Evde kalınan süreçte, kişilerin ruh ve beden sağlıklarının koruması için yapılabilecek etkinliklerle ilgili İLKHA muhabirine değerlendirmelerde bulunan Psikolog Kerem Gümüş, "Anne-babalar çocuklarının yaş kategorilerine göre onlara yeni kazanımlar elde etmeleri için etkinlikler yapabilirler. Evde kaldıkları zamanı fırsat bilerek cemaatle namaz kılma, sahabe ve peygamberimizin hayatından örnekler sunularak rol modeller oluşturulabilir." dedi.

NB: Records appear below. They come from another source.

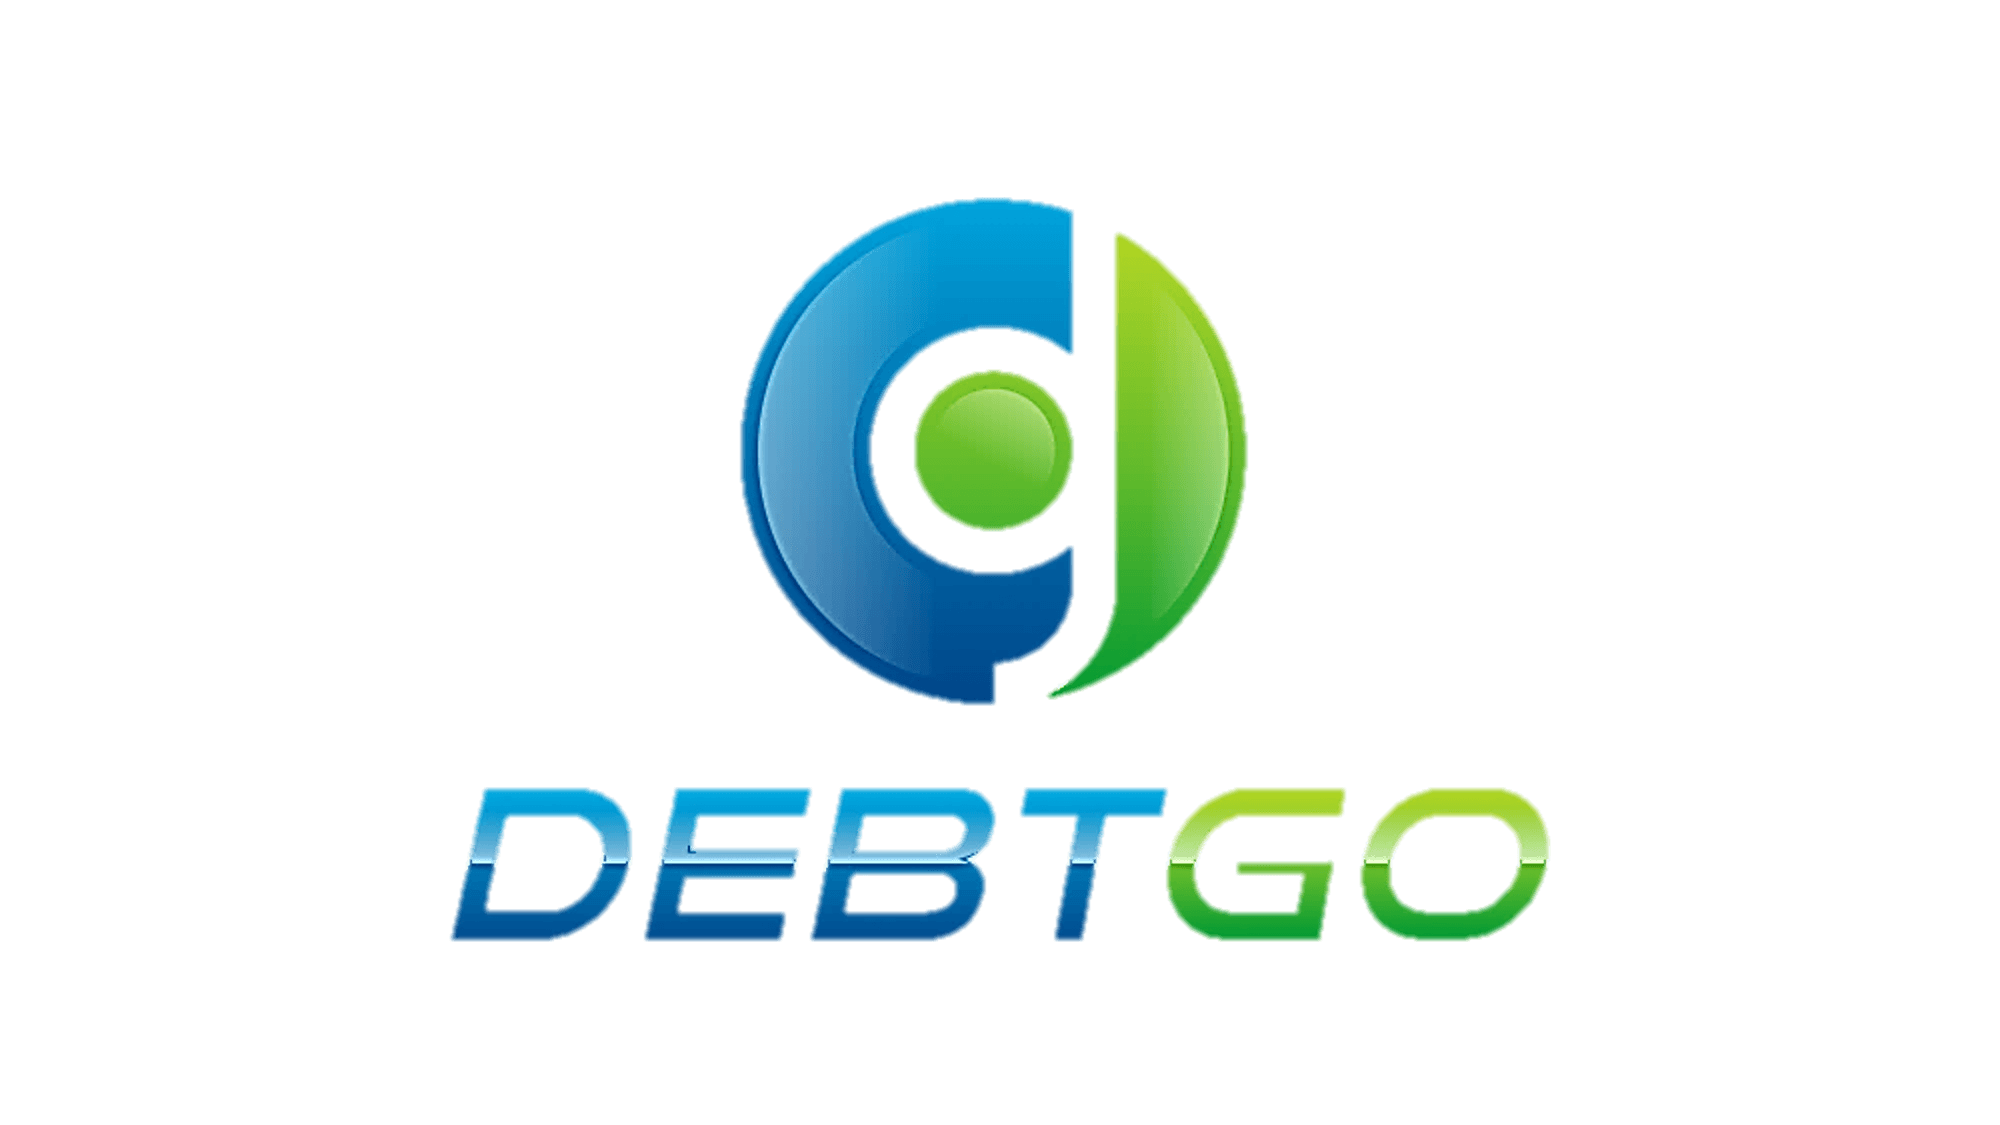 The logo of DebtGo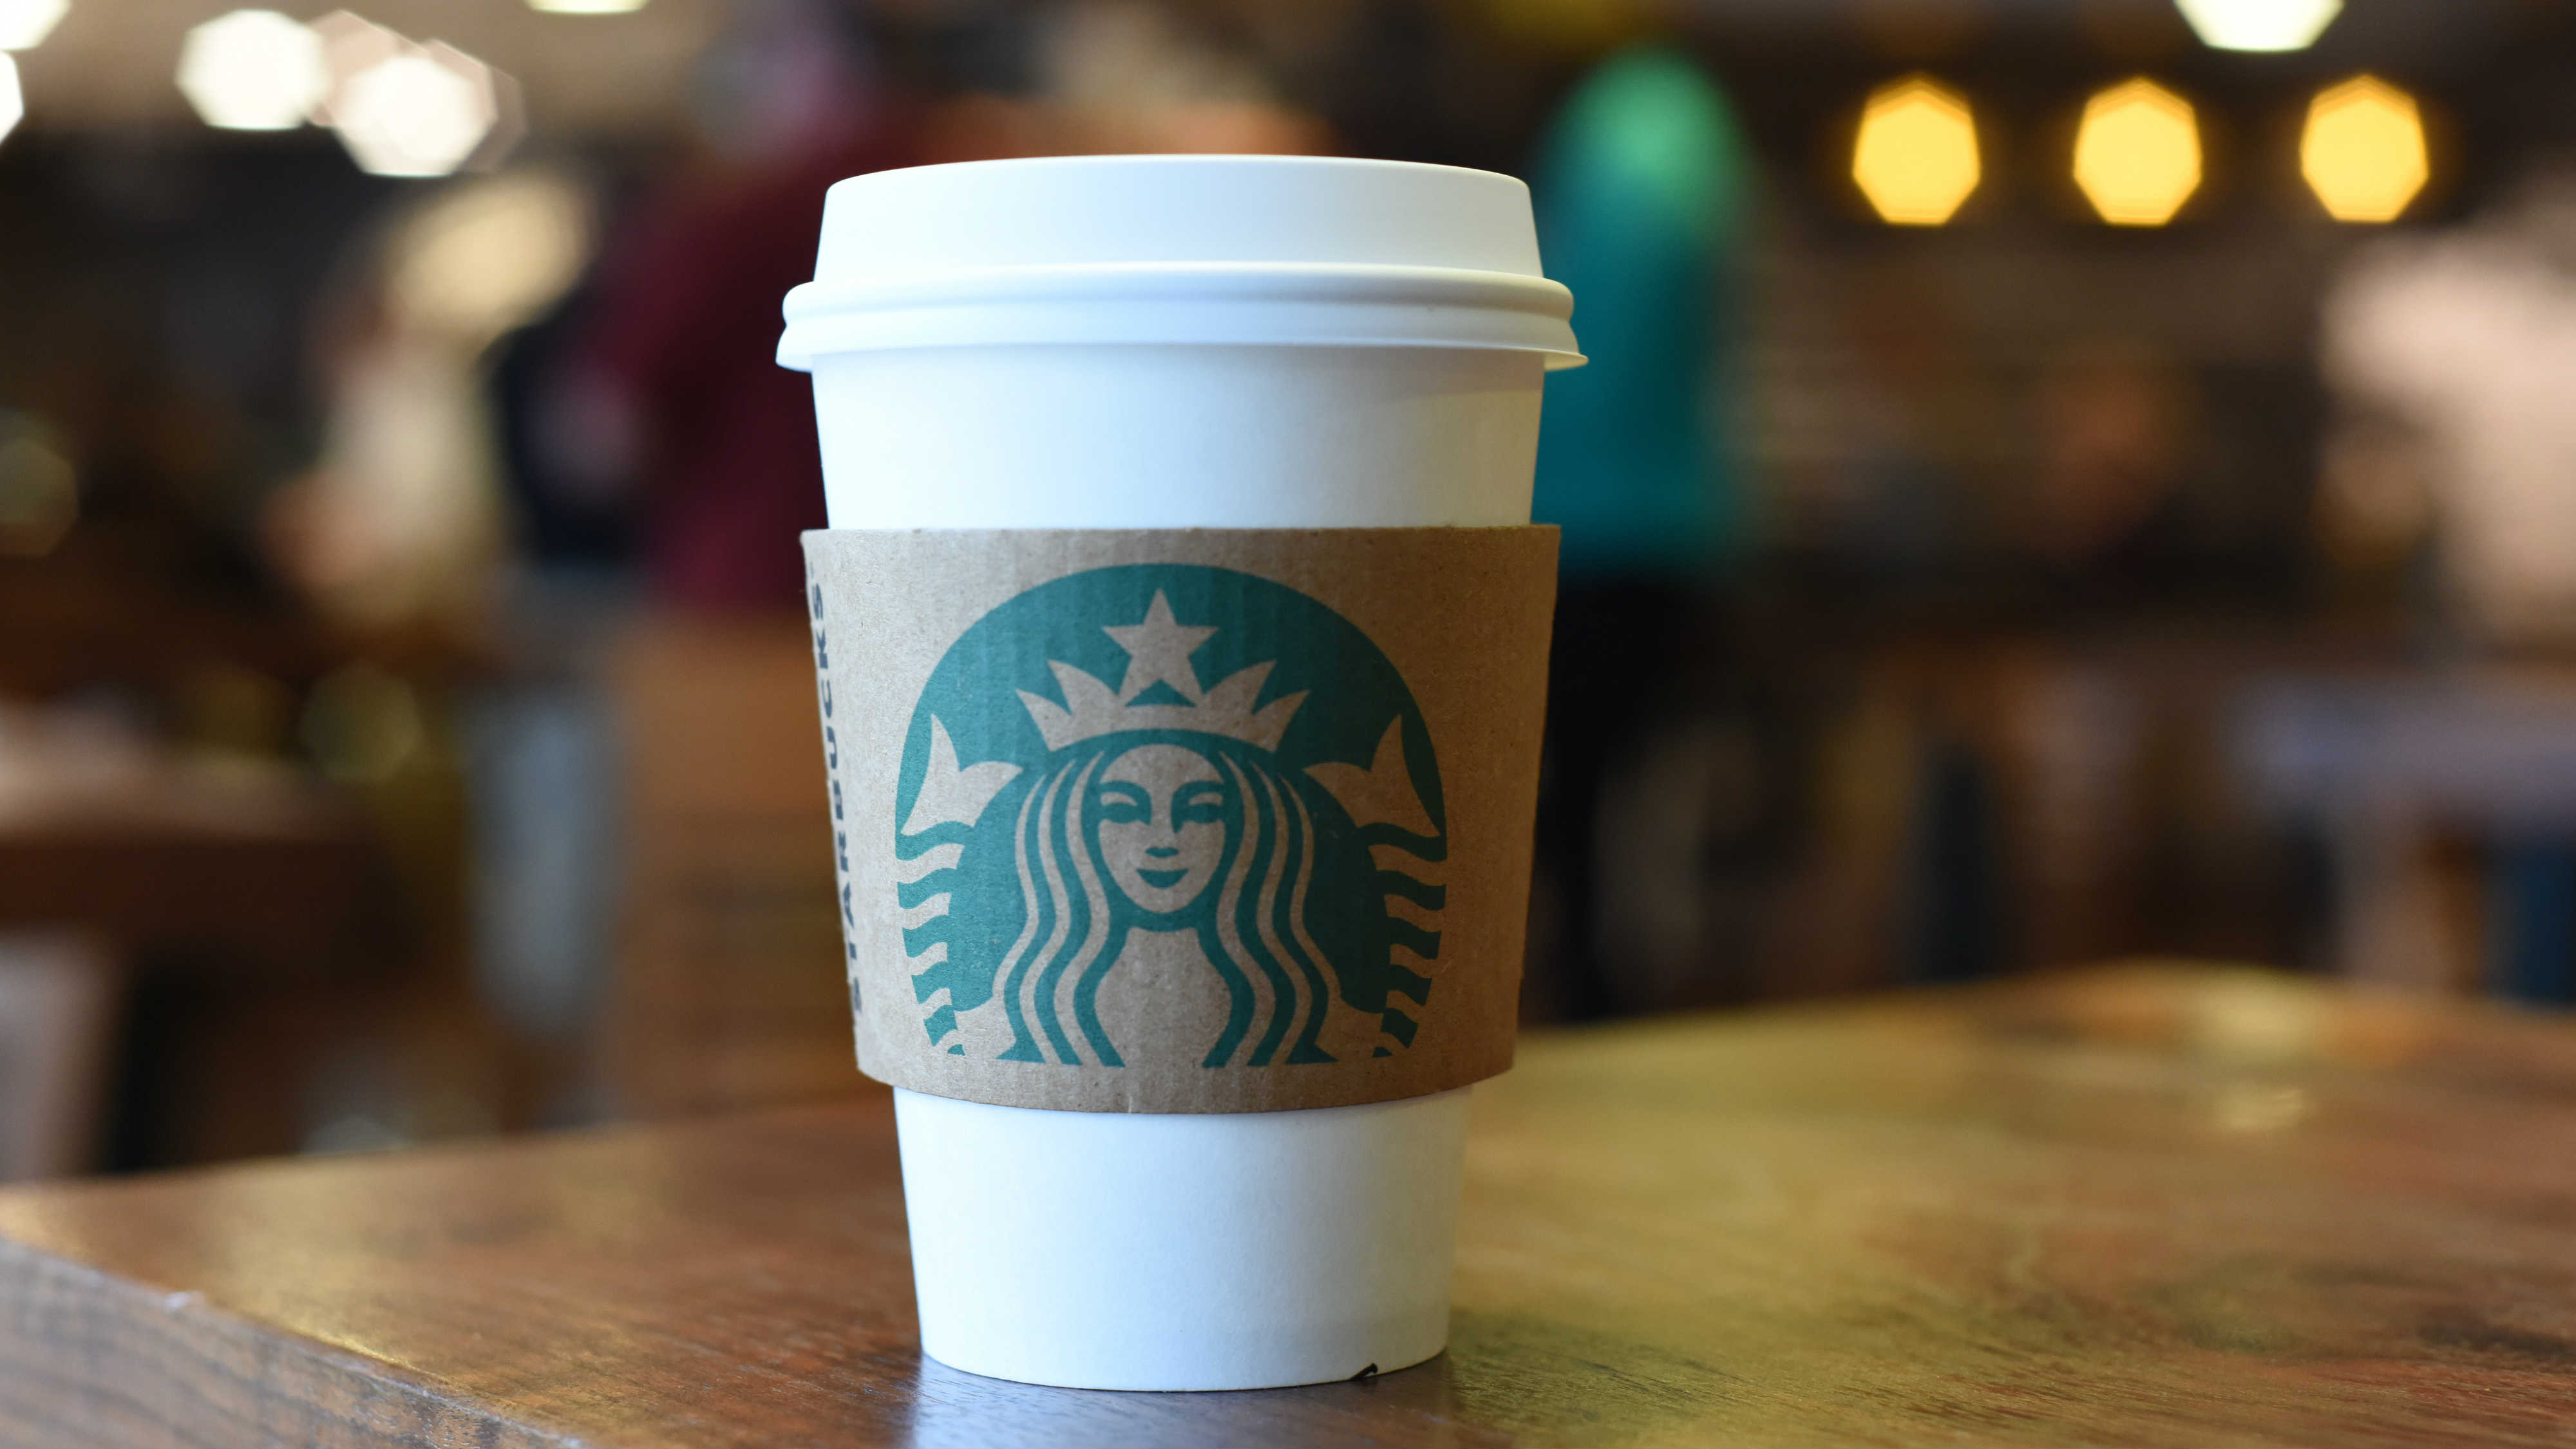 Warum die Aktie von Starbucks im Jahr 2018 um 19 % gestiegen ist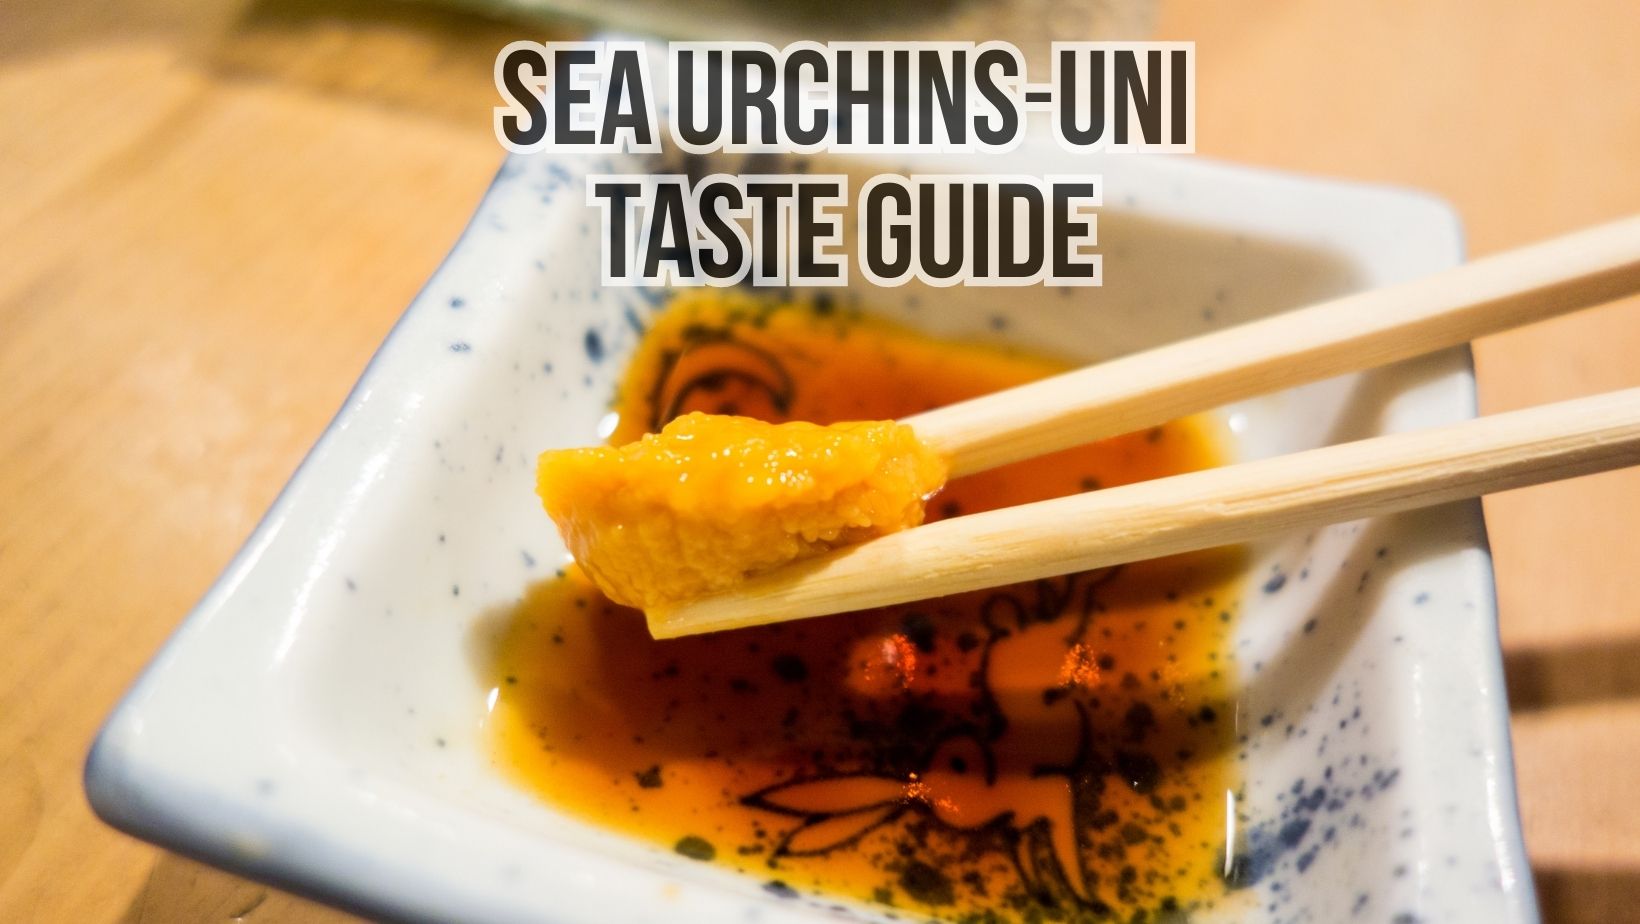 Sea Urchins Taste

İnsanlar normalde dışarı çıkmazlar ama böyle bir zorunluluk olunca dışarı çıkmak istediklerini ve bunu bir özgürlük kısıtlaması olarak gördüklerini hatırlatan Gümüş, bunun özgürlük kısıtlaması değil insanların sağlığı için alınan bir tedbir olduğunu söyledi.

"Psikolojiyi sağlam tutmanın en temel noktası düzeni bozmamaktır"

Gümüş, "Evde psikolojimiz bozuluyor şeklinde yorumlar geliyor. Psikoloji öyle kolay bozulacak bir şey değildir. 2-3 hafta evde kalmakla psikoloji bozulmaz ama ufak tefek bunalımlar olabilir. Burada algıyı yönetmek lazım. Bunalımı herkes yaşar ama önemli olan süreci nasıl yöneteceğimizdir. Psikolojiyi sağlam tutmanın en temel noktası düzeni bozmamaktır. Uyku düzeni, yemek düzenini bozmamak gerekiyor. İnsan evde kalınca çok yemek yeme isteği olabilir. Buna dikkat etmek gerekir. Yine çok fazla televizyon, internet, telefon, çevrimiçi oyunlarla vakit geçirerek bağışıklık sistemimizi yanlışa sürüklememiz gerekir. Bu bizi ekran bağımlılığına sürükleyebilir. Bir yerden bir şeyi düzeltelim derken başka yerden başka bir şeyi bozmamalıyız." diye konuştu.

 

"Evde kalınan süreçte çocukların ince ve kalın motor becerilerine uygun etkinlikler yapılmalı"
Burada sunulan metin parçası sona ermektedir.